What the task asks
Repeat the listing exactly. Any picture in it should be left out of the copy.
═════ Data shown
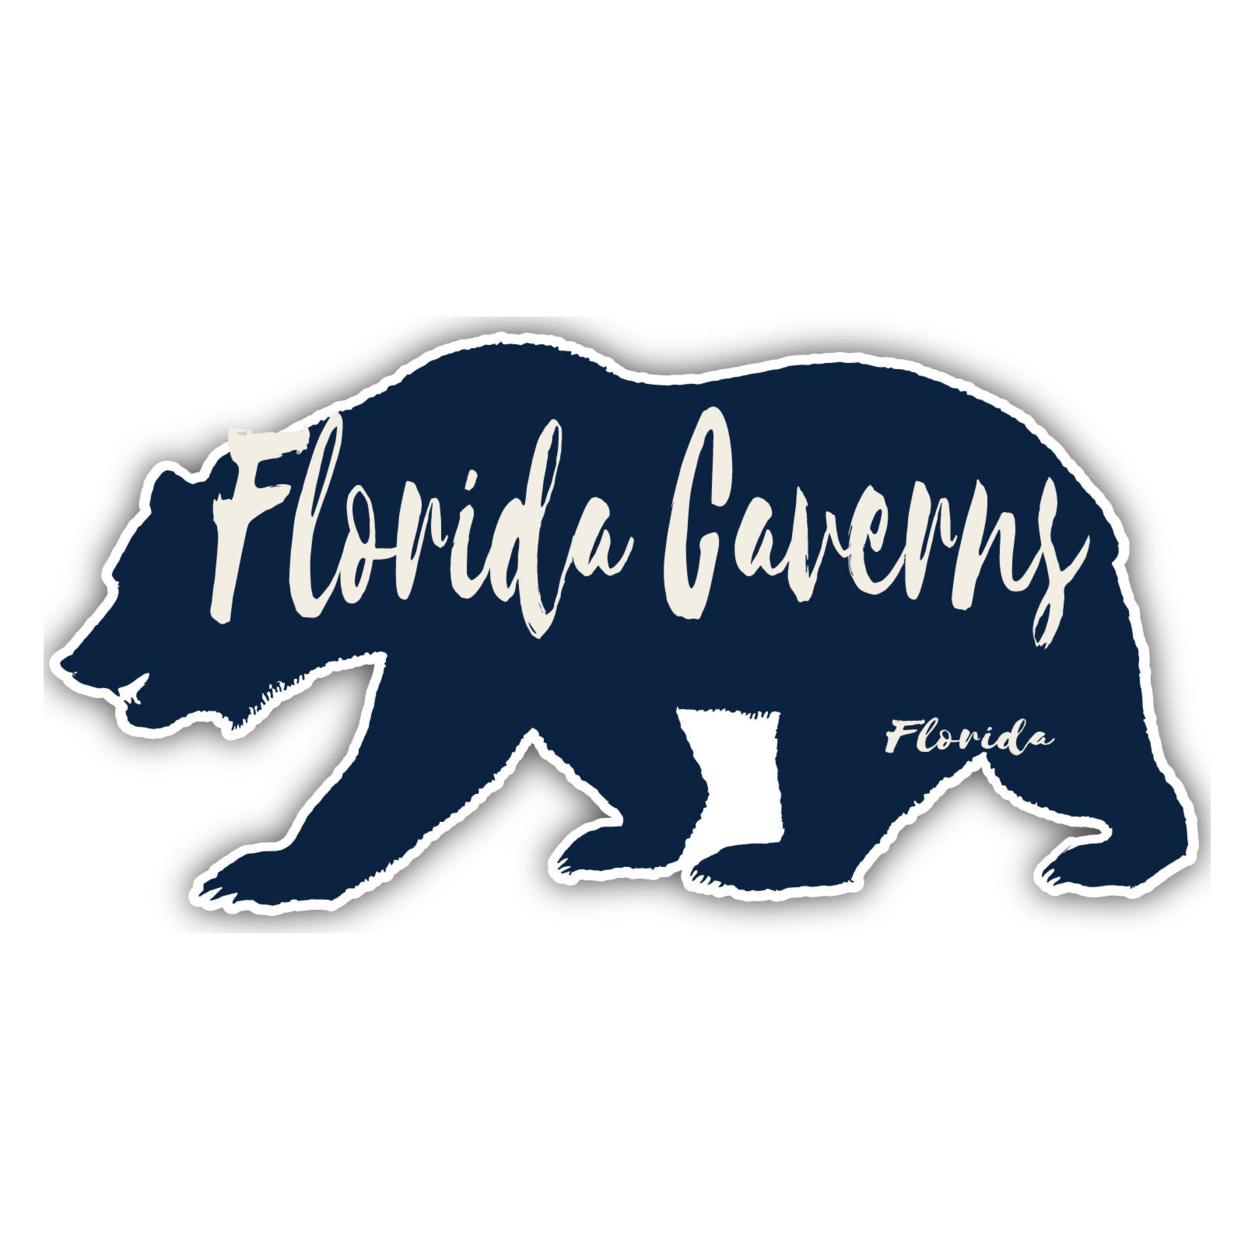 Florida Caverns Florida Souvenir Decorative Stickers (Choose Theme And Size) - 4-Pack, 10-Inch, Bear
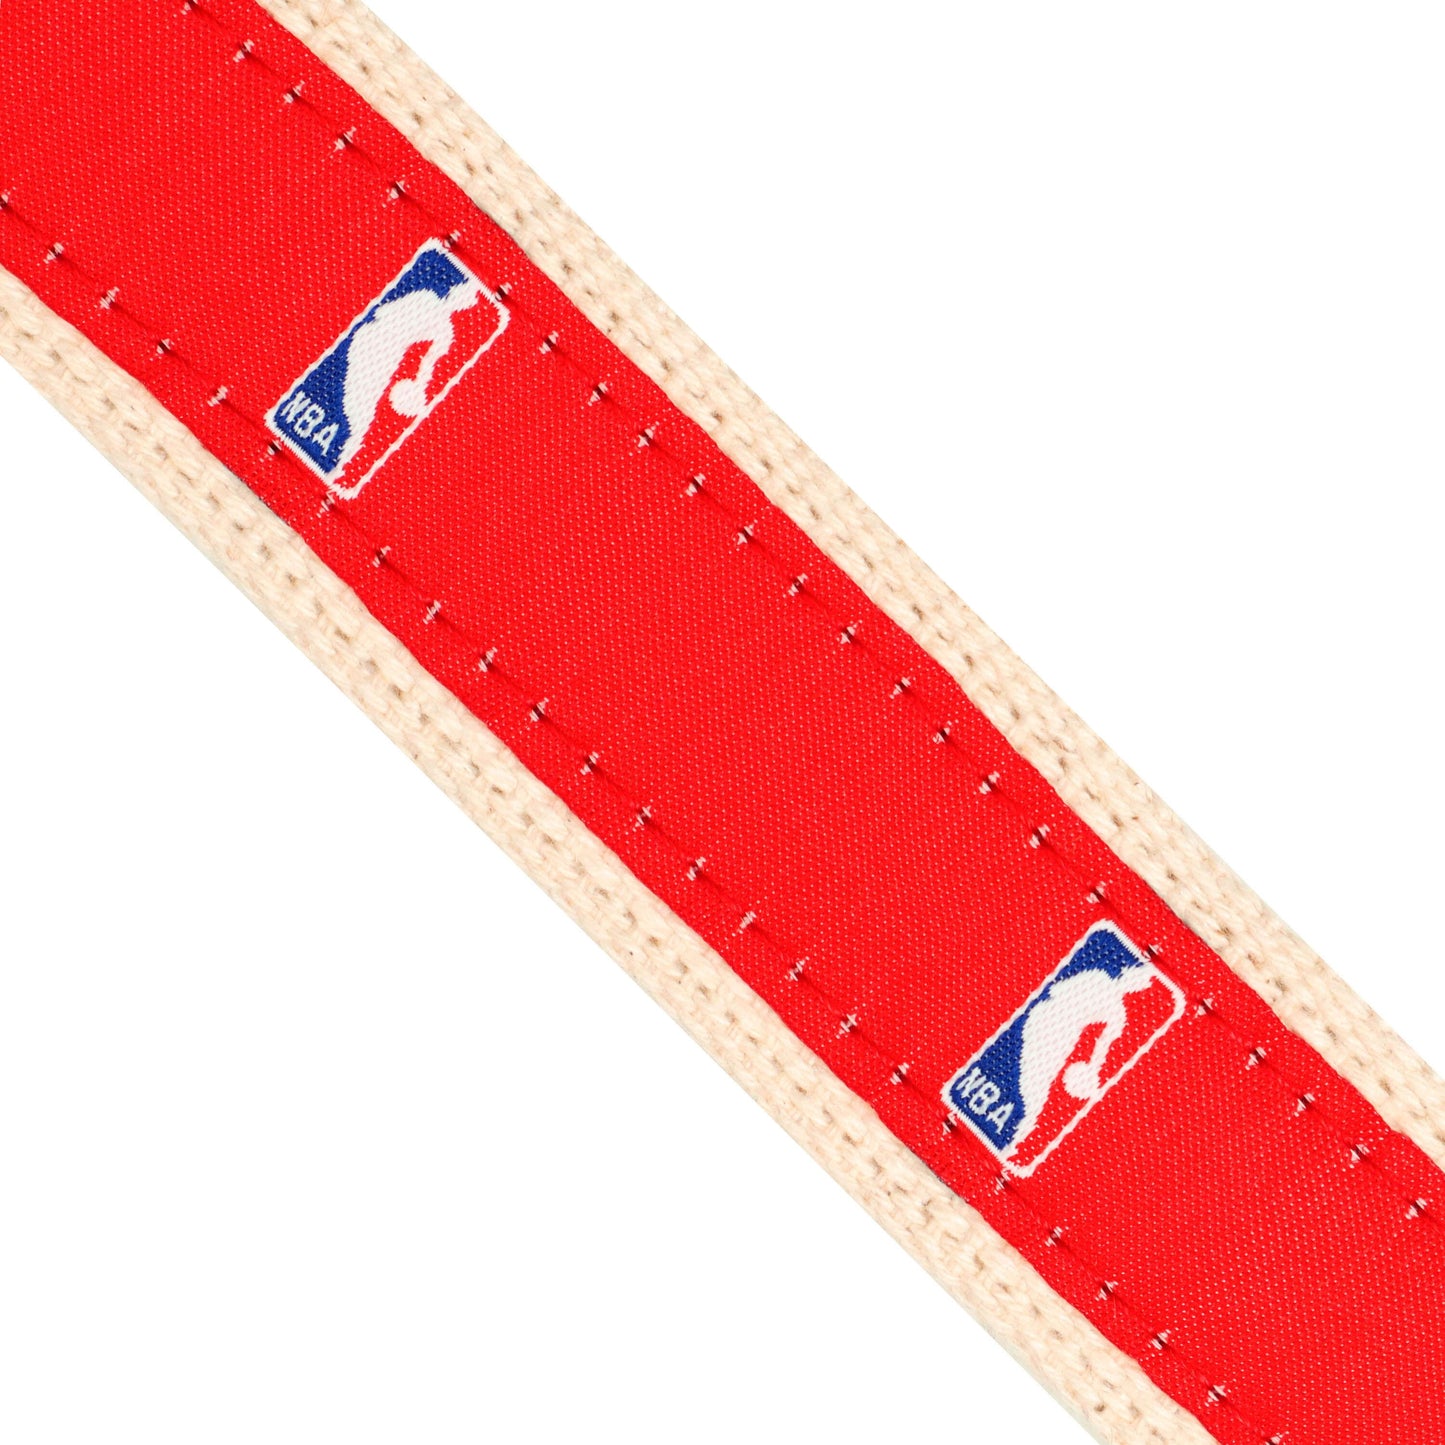 Rowing Blazers x NBA Logo Belt
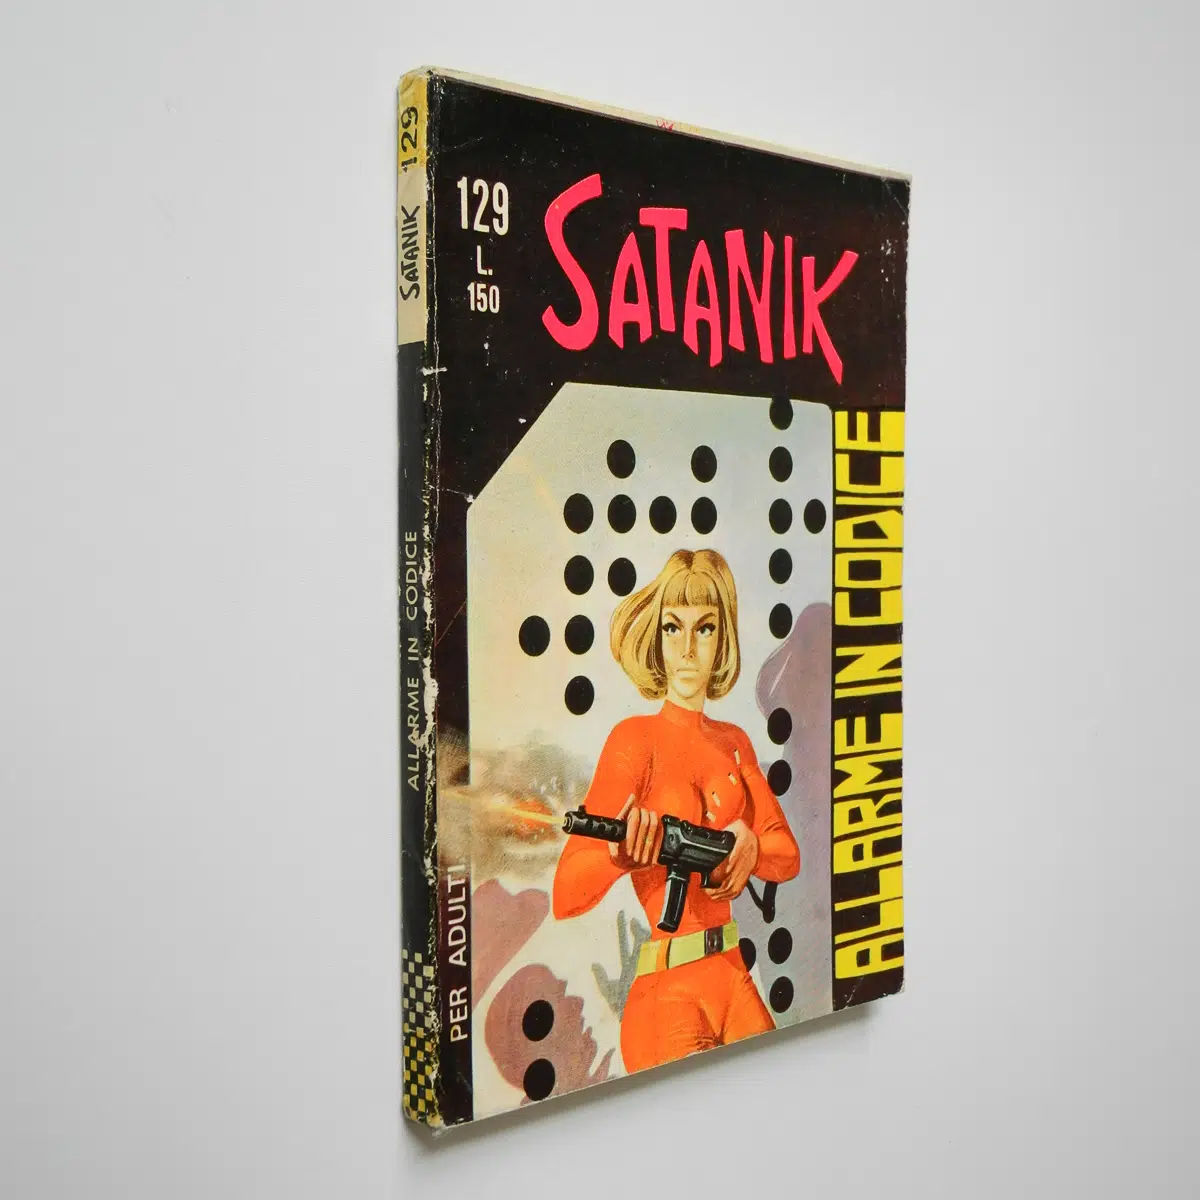 Satanik n. 129 Allarme in codice
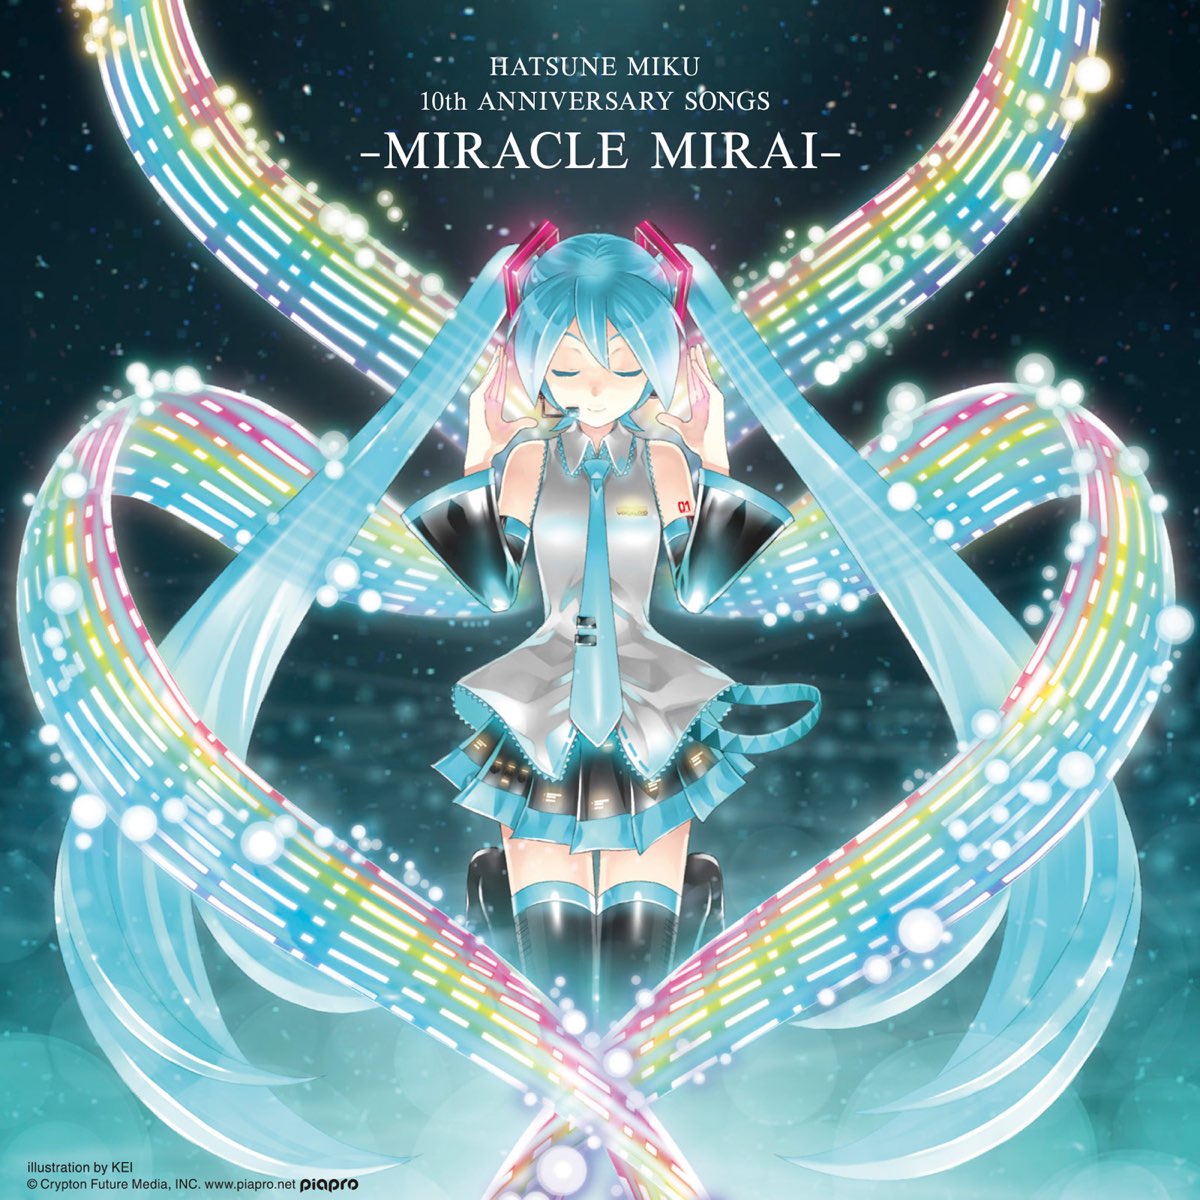 Hatsune Miku 10th Anniversary Songs - Miracle Mirai by Hatsune Miku on  Apple Music
══════════
Your solution
 Florida Caverns Florida Souvenir Decorative Stickers (Choose Theme And Size) - 4-Pack, 10-Inch, Bear
 Rowing Blazers x NBA Logo Belt
 Satanik n. 129 Allarme in codice
 Hatsune Miku 10th Anniversary Songs - Miracle Mirai by Hatsune Miku on  Apple Music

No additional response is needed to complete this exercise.